(Directions for this task) From the first line to the last, transcribe the data exactly and skip the pictures.

(Collected material)

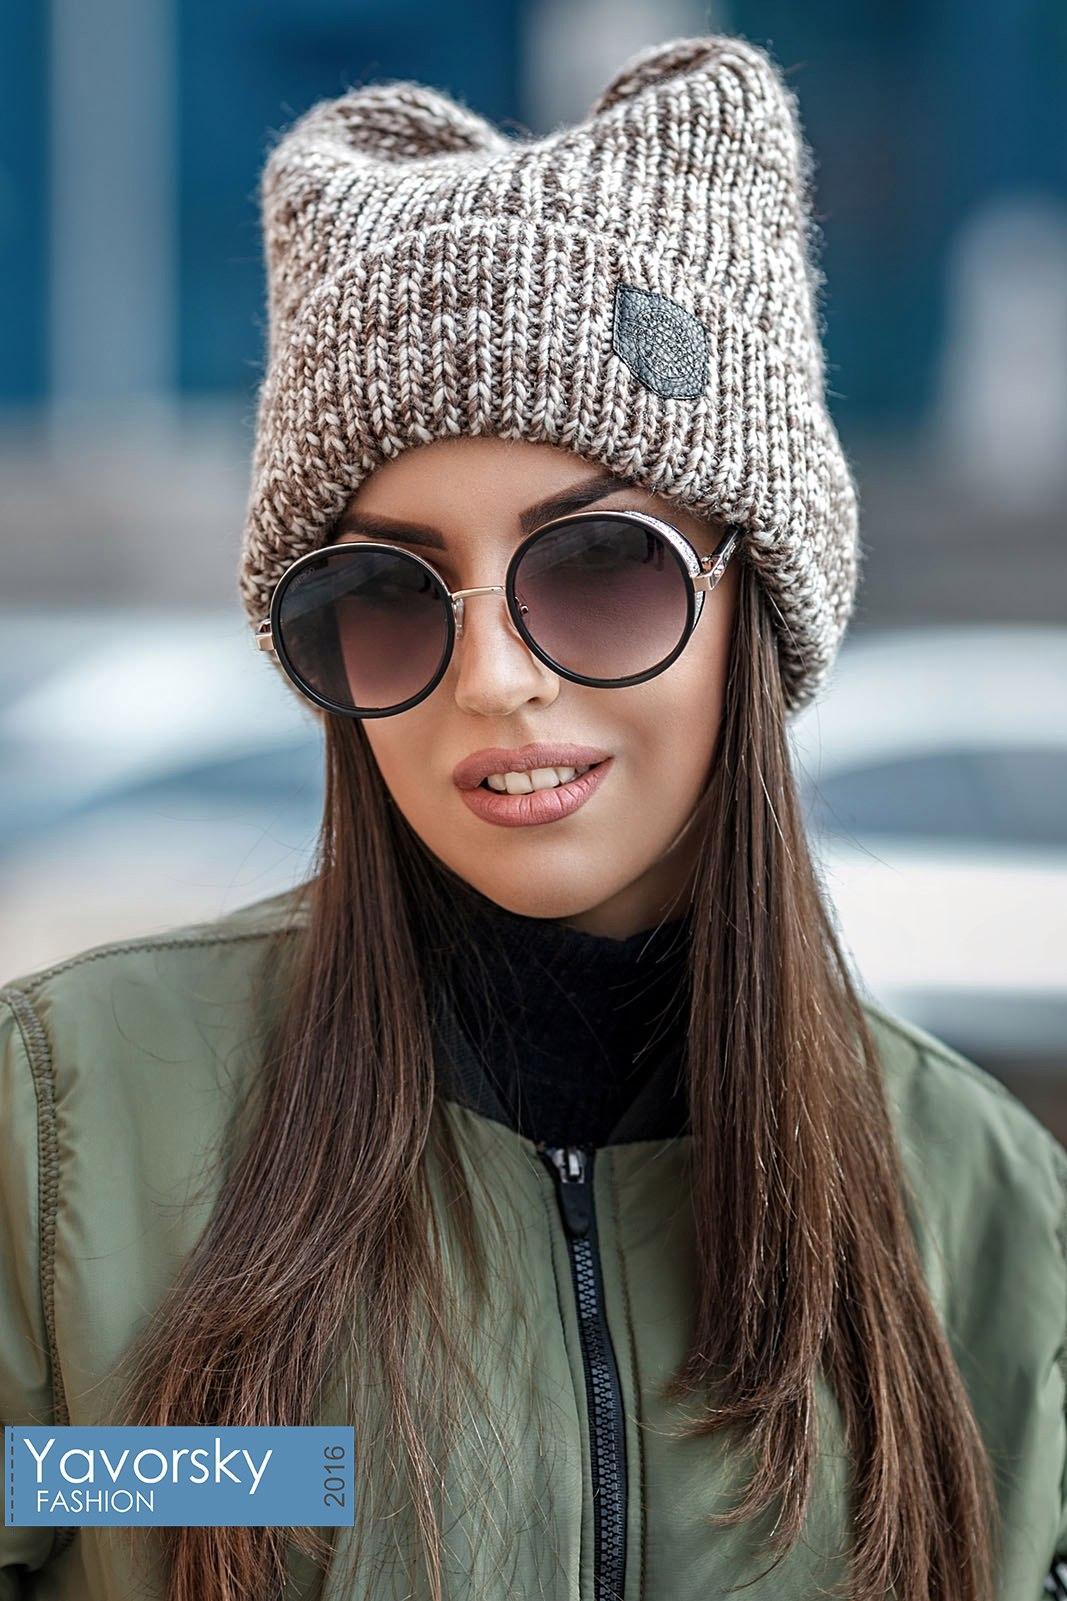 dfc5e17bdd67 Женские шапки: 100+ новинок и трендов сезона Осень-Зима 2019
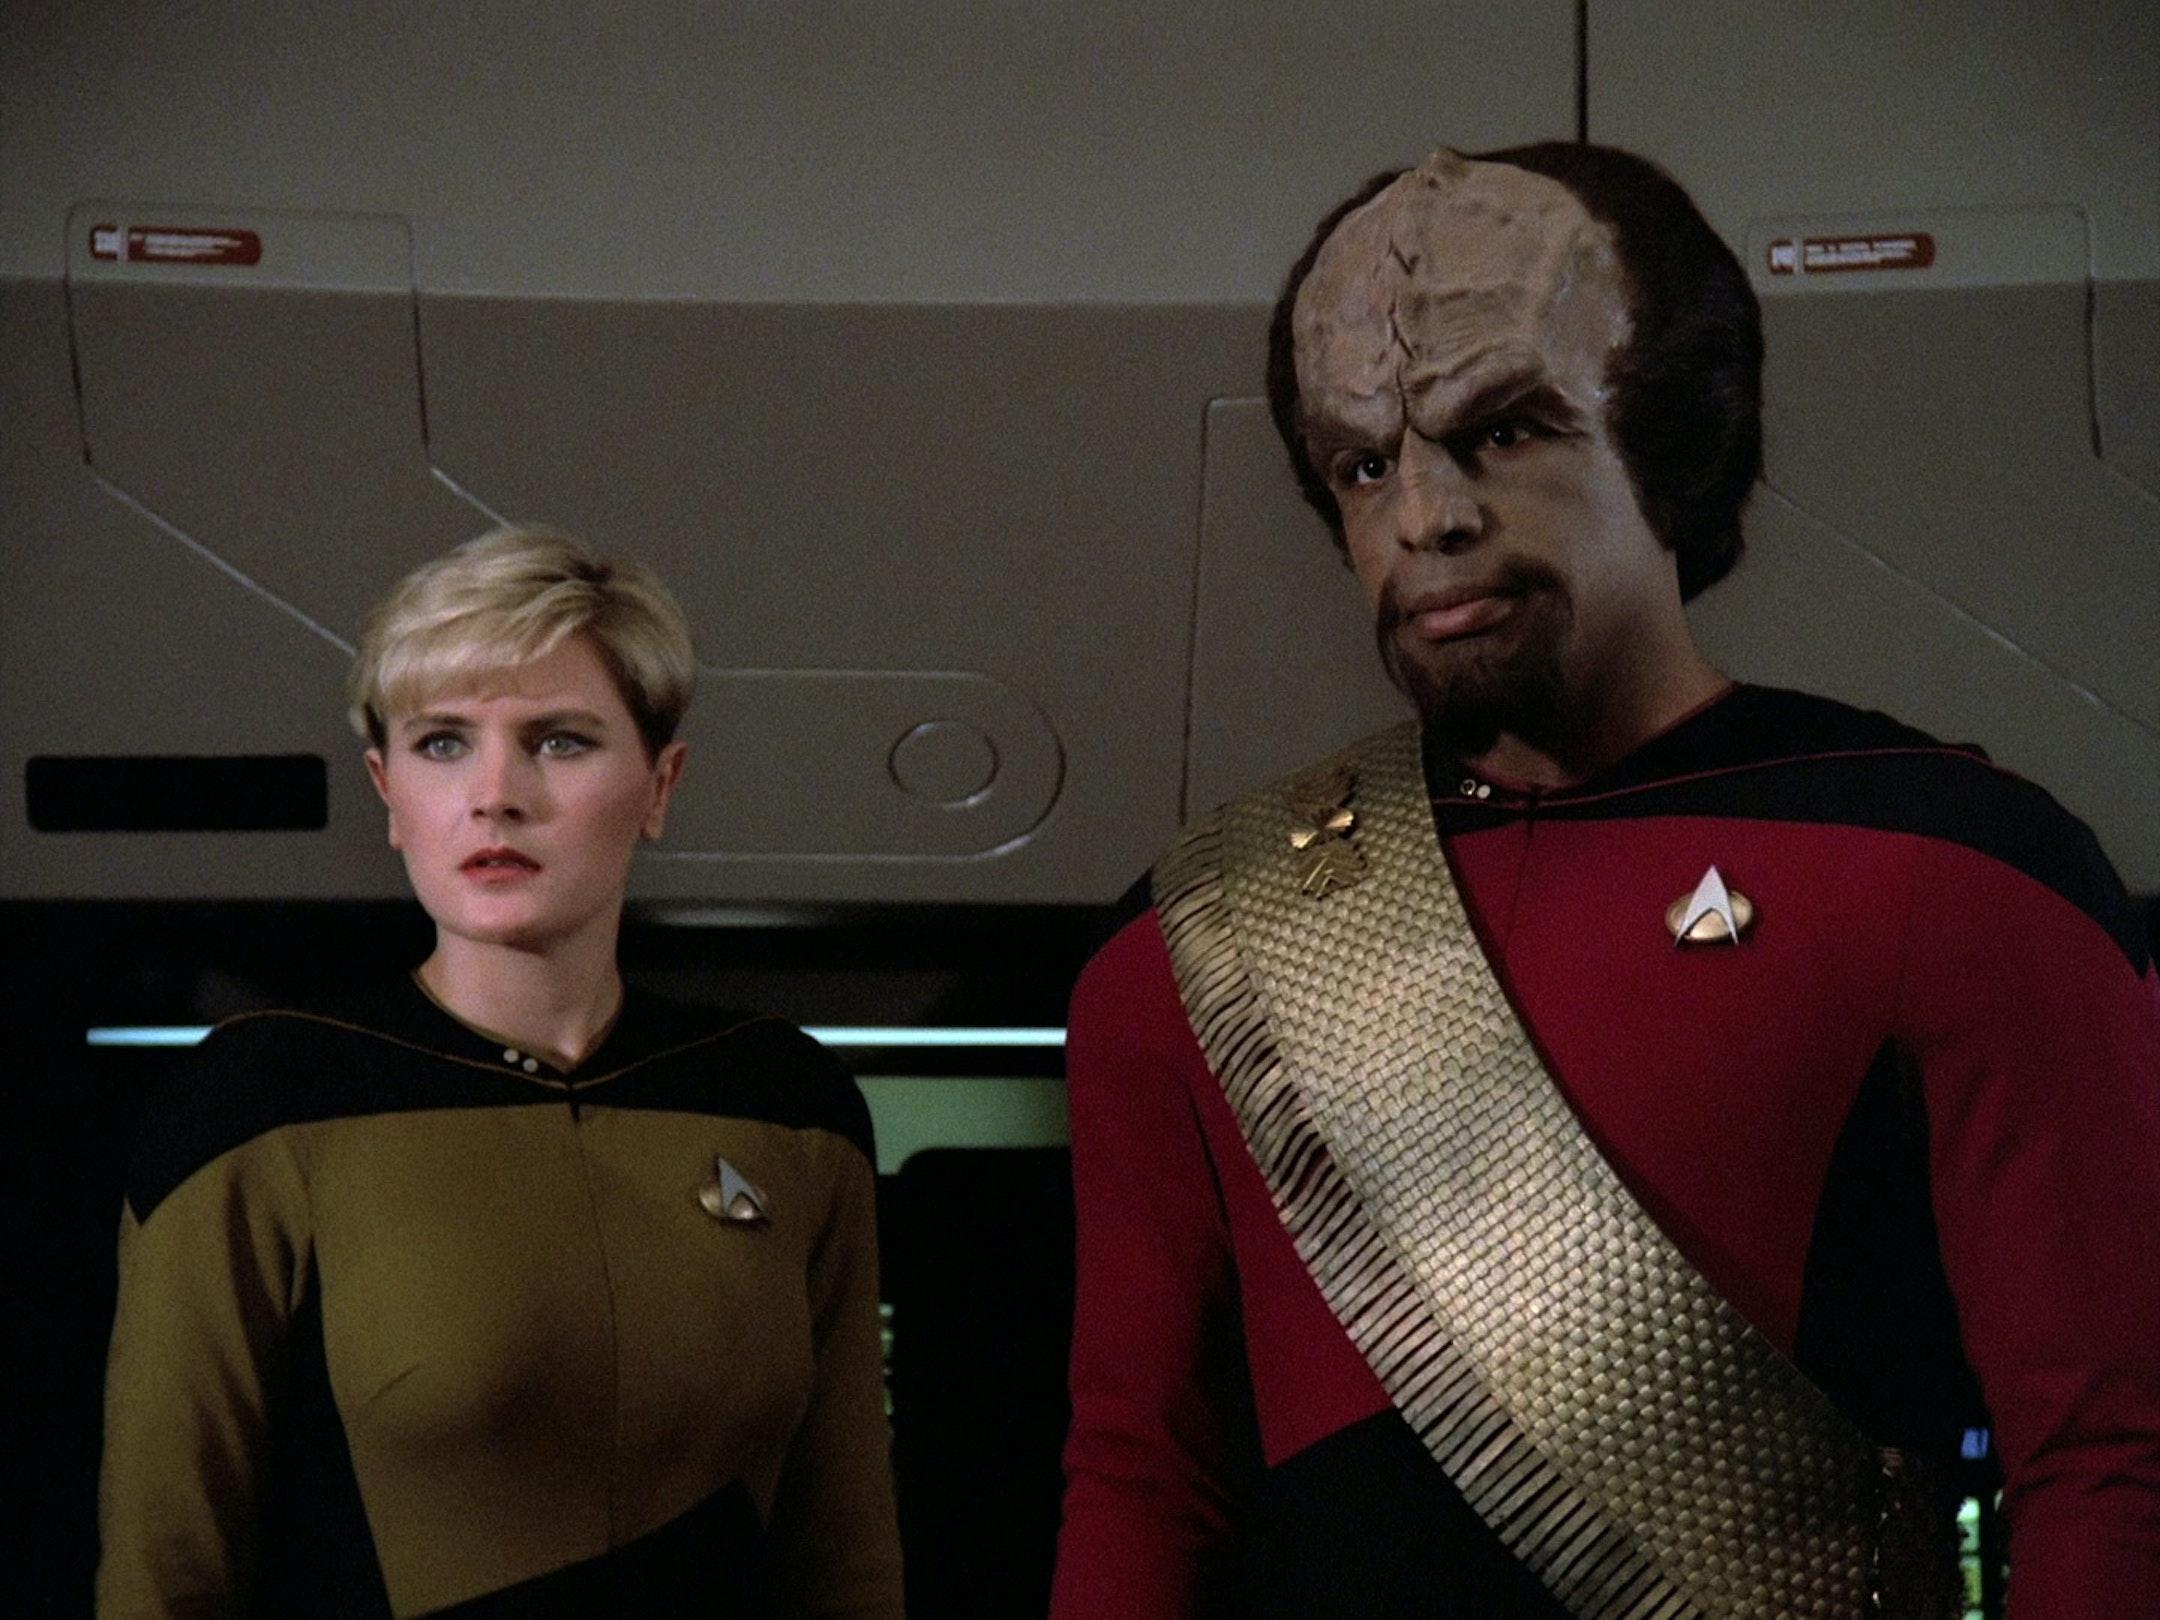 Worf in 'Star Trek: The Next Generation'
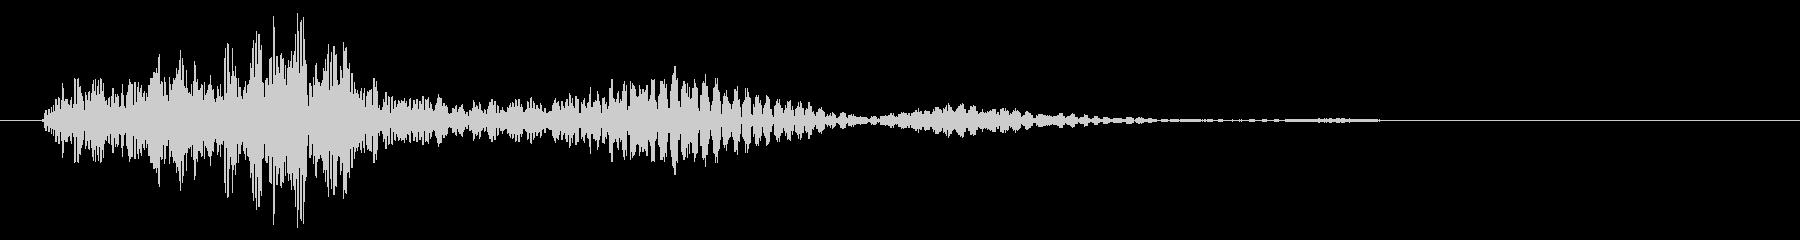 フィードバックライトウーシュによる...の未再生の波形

(Response box)
 dfc5e17bdd67 Женские шапки: 100+ новинок и трендов сезона Осень-Зима 2019
 Worf in 'Star Trek: The Next Generation'
 フィードバックライトウーシュによる...の未再生の波形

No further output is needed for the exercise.